Tales From Middle School

ADR Prof Blog by Andrea Schneider, Michael Moffitt, Sarah Cole,Art Hinshaw, Jill Gross and Cynthia Alkon.

My eighth-grade daughter came home yesterday and told me the following:

Each day in English they have homework, a quiz, or a test in class. After finishing, they put away their pencils, take out red pens, and grade their own work themselves as the teacher calls out the answers.

My daughter sits next to a kid (let’s call him Sam) who, for at least the past week, has been clutching a piece of mechanical pencil lead in his hand during grading, so that he can surreptitiously write in the correct answers when the teacher announces them.

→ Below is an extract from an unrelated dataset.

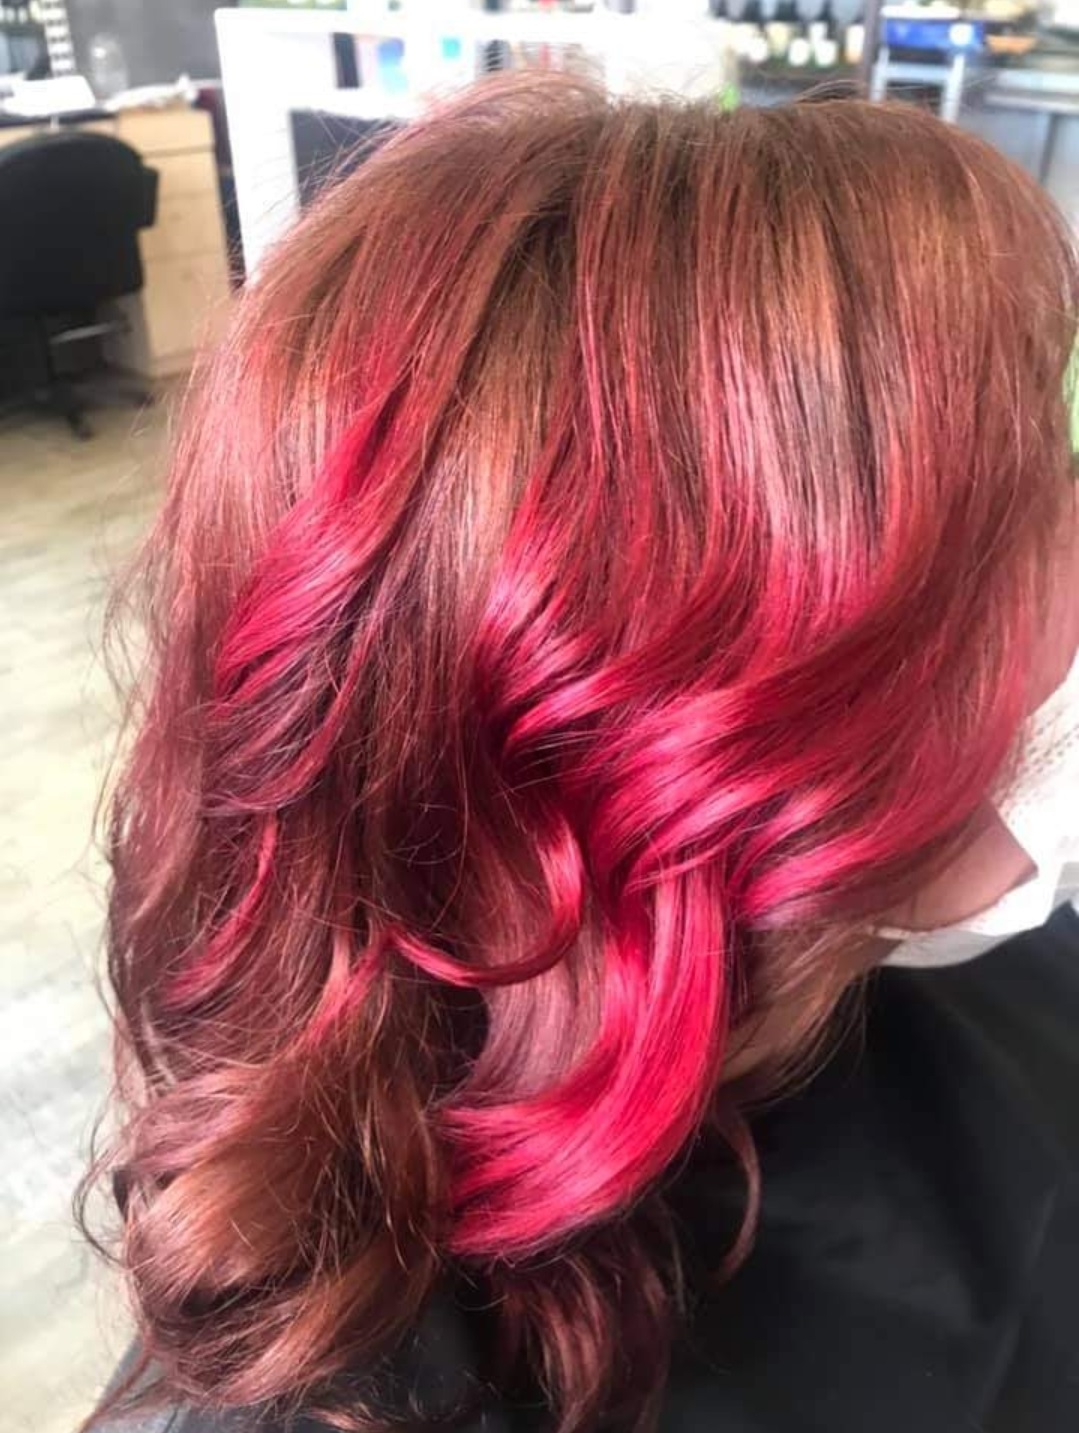 salon de coiffure golfe juan-coloration rose cannes-coloration antibes-coupe de cheveux vallauris-coloration bleue le cannet-coiffeur alpes-maritimes

My daughter said that she didn’t know how to handle it; she didn’t really want to involve the teacher, and she didn’t know what to say. Yet it was making her angry.

Yesterday they were grading an in-class test and Sam was writing in answers when the teacher came to a question that, as it turned out, my daughter got wrong. Sam started writing in the correct answer. My daughter said that without thinking, her hand shot out and she grabbed him by the wrist. With her other hand, she wrenched his fingers open and took out the lead. She broke the lead in two and threw the pieces on the floor. Then she said to him: “That is enough.” This was in the middle of class, so it all happened pretty quietly and she said no one seemed to notice. For his part, Sam didn’t say anything, but my daughter said that he went back with his red pen and marked wrong every one of the answers he had penciled in.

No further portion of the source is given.